__Your objective__: Set down every entry word for word. Omit the pictures.

__Data for processing__:
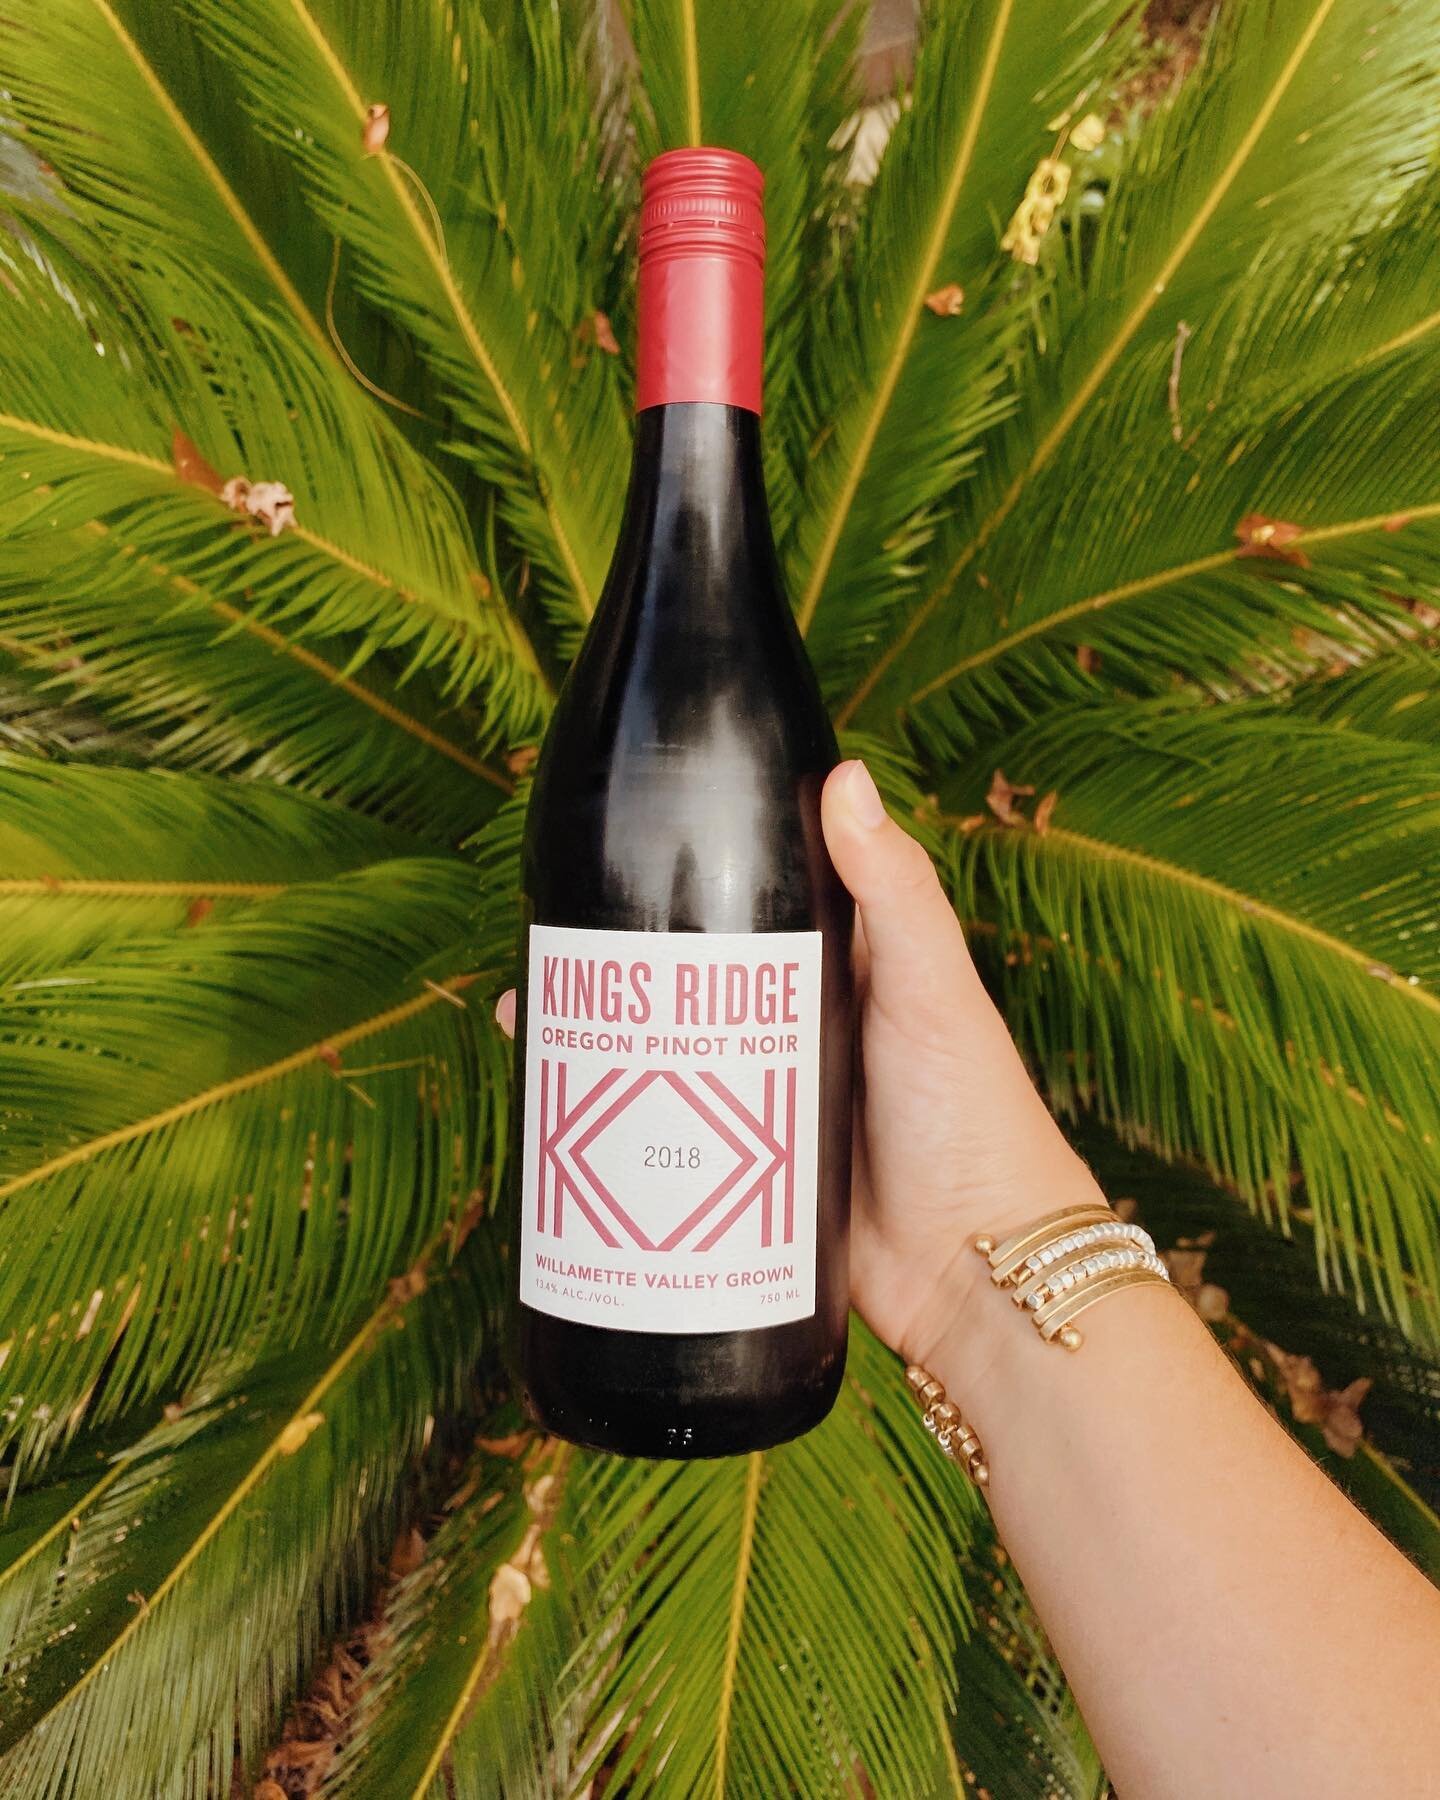 Happy #winewednesday ✨ This weeks feature is our house pinot, King&rsquo;s Ridge! ⁣
.⁣⁣
.⁣⁣⁣
⁣⁣
&ldquo;A combination of rich red fruit flavors with freshness and vibrancy unique to Pinot Noir grapes grown in our beloved Willamette Valley, this wine t
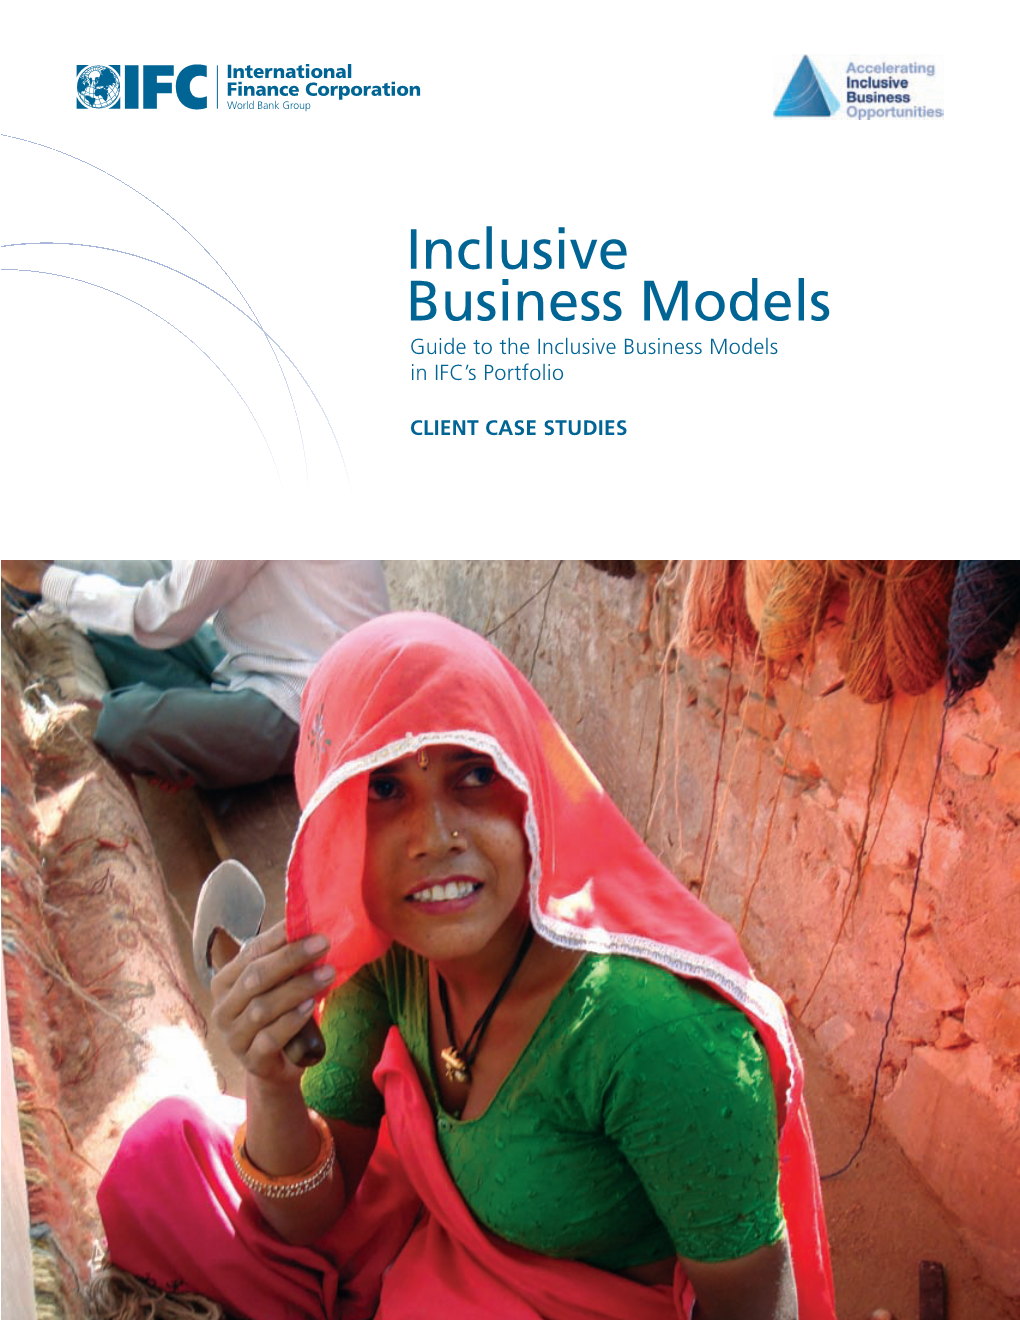 Inclusive Business Models Guide to the Inclusive Business Models in IFC’S Portfolio
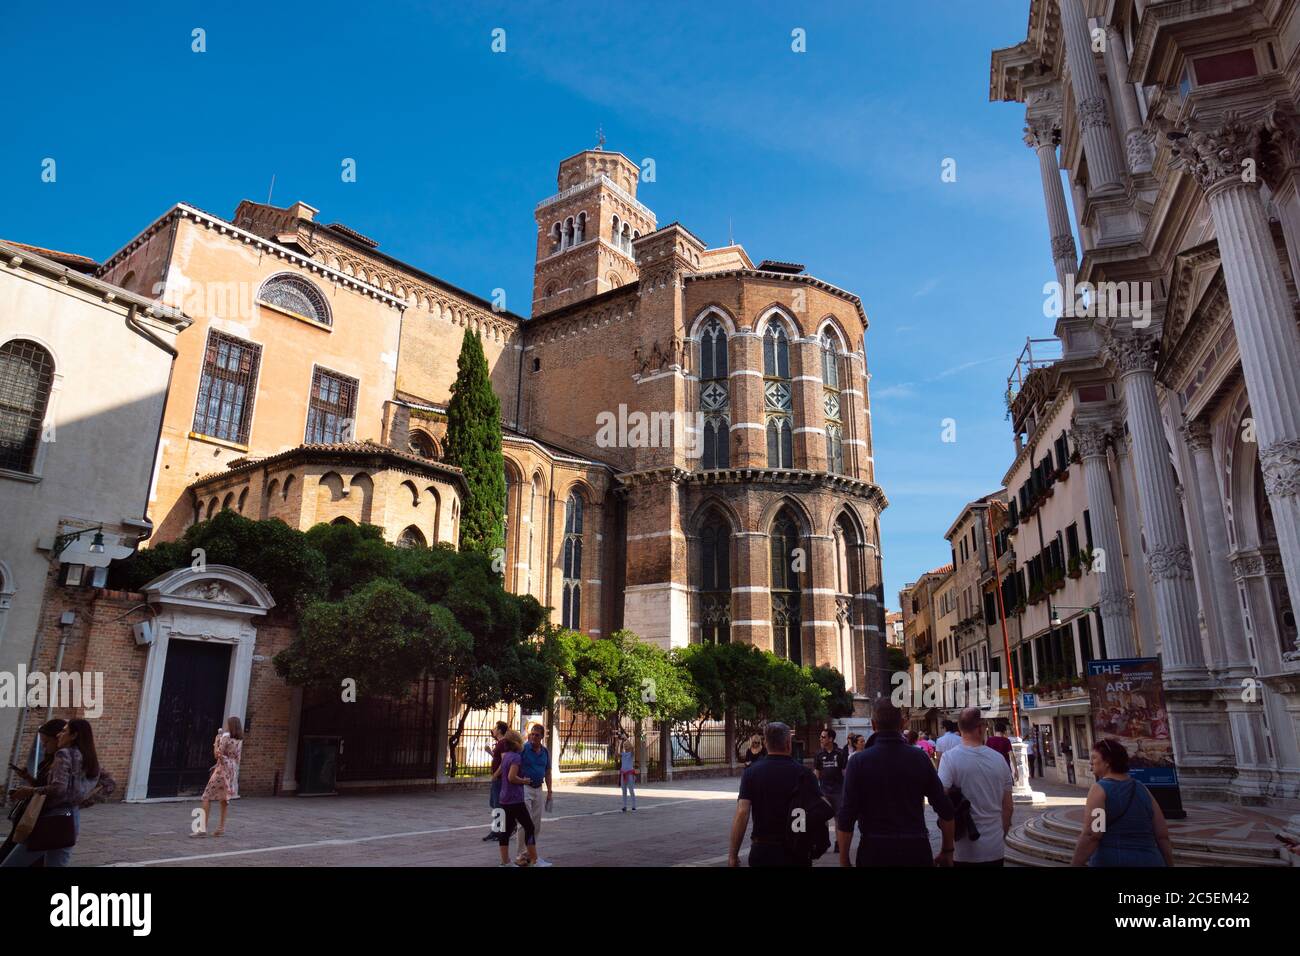 Oct. 1, 2019 - Venice, Italy: view to the Basilica of Frari. Crowded streets full of people. Grand Art Museum of Venice at right side. Stock Photo

__Expected output__:
 Happy #winewednesday ✨ This weeks feature is our house pinot, King&rsquo;s Ridge! ⁣
.⁣⁣
.⁣⁣⁣
⁣⁣
&ldquo;A combination of rich red fruit flavors with freshness and vibrancy unique to Pinot Noir grapes grown in our beloved Willamette Valley, this wine t
 Inclusive Business Models Guide to the Inclusive Business Models in IFC’S Portfolio
 Oct. 1, 2019 - Venice, Italy: view to the Basilica of Frari. Crowded streets full of people. Grand Art Museum of Venice at right side. Stock Photo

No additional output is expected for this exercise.